Sally shared the story of her battle with alcoholism. She recalled the day she got sober – the day she woke up to find that her husband refused to go buy her usual daily box of wine from the liquor store. She went back to bed and finally crawled out sometime around 2:00pm. She had been drunk for so long that she didn’t know how to participate in her life as a sober person. What really struck me was what she did next. After feeling sorry for herself for a while she got up & started doing laundry. She had no clue how to “be sober” but she knew she needed to participate in the simple actions of life again & laundry was something she knew how to do. It was a life preserver she could grab hold of while she felt like she was drowning.  

For a lot of my life I used work & busy activity as a way to avoid feeling, to avoid life.

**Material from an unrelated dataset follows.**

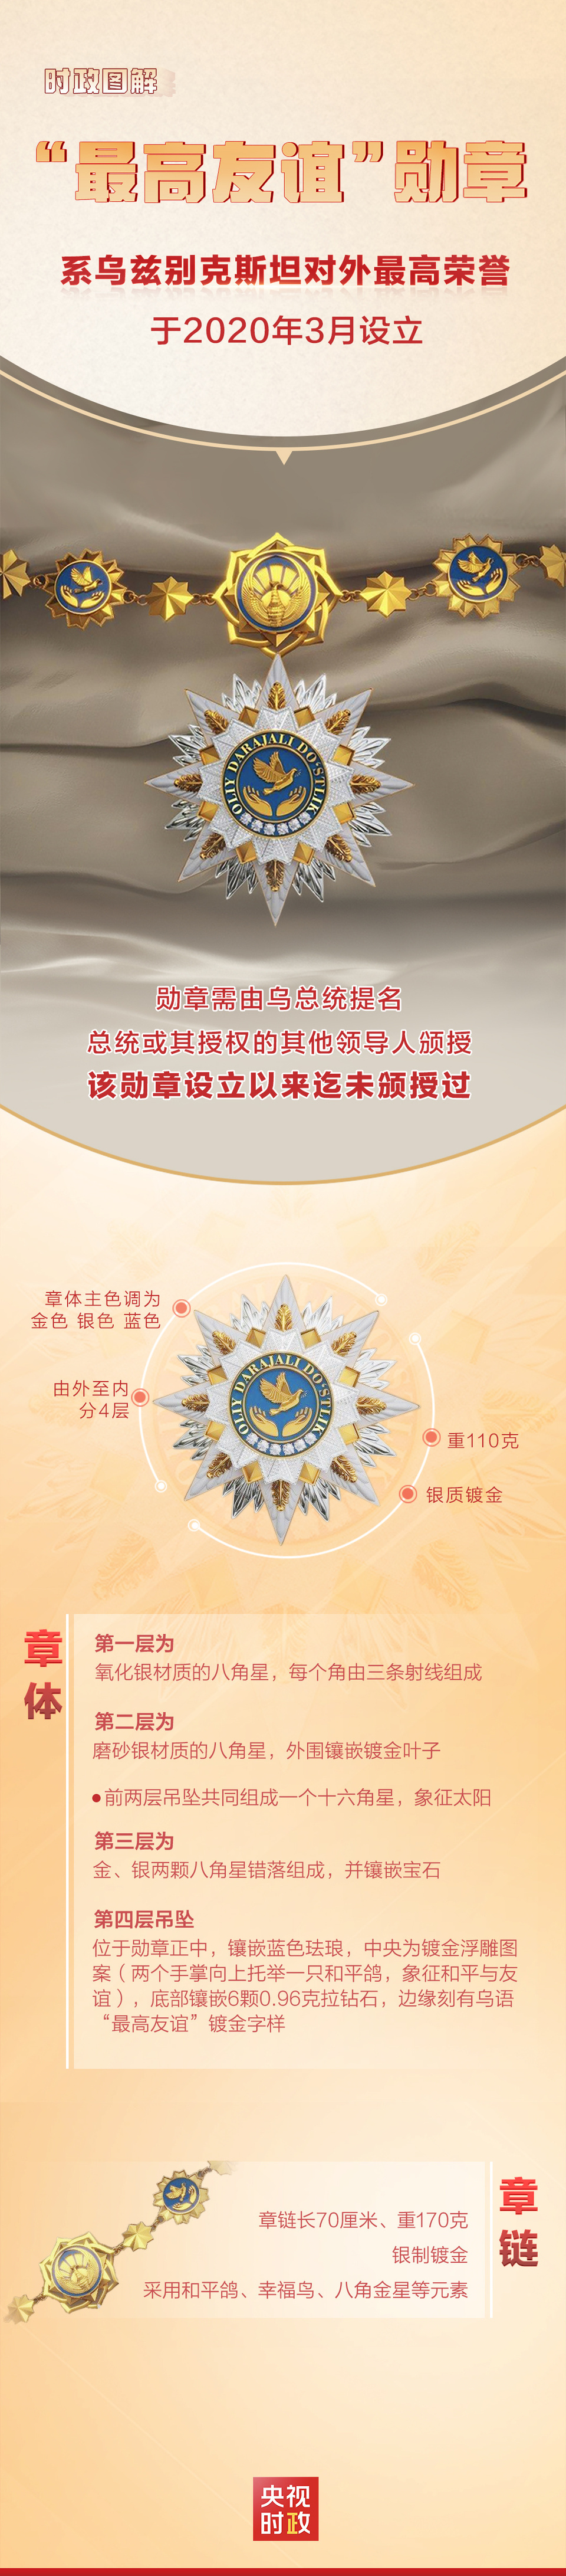 时政图解丨揭秘！乌兹别克斯坦首枚“最高友谊”勋章-ManBetX注册登录·(中国)

And there are times when I can still fall into that trap. But at the same time, when life feels like it’s spinning out of control all around me & I’m gasping for air, the work of life can be like a life preserver

Growing up in church, I learned early on to over-spiritualize everything. When life knocks you to your knees that’s the best position to pray in, right?! That line of thinking would tell me that when life feels like it’s spinning out of control I should pray like I’ve never prayed before & God will give me peace.

I don’t doubt that God is the source of all peace. And that He grants it even when we don’t ask for it. But I’m discovering that doesn’t mean I have to sit idly by. Sometimes simply participating in the mundane activity of life gives me the space to catch a breath. It’s a handle to grasp onto. And as I go through the motions God’s love & peace soak into my heart through the back door that is unguarded by fear & doubt.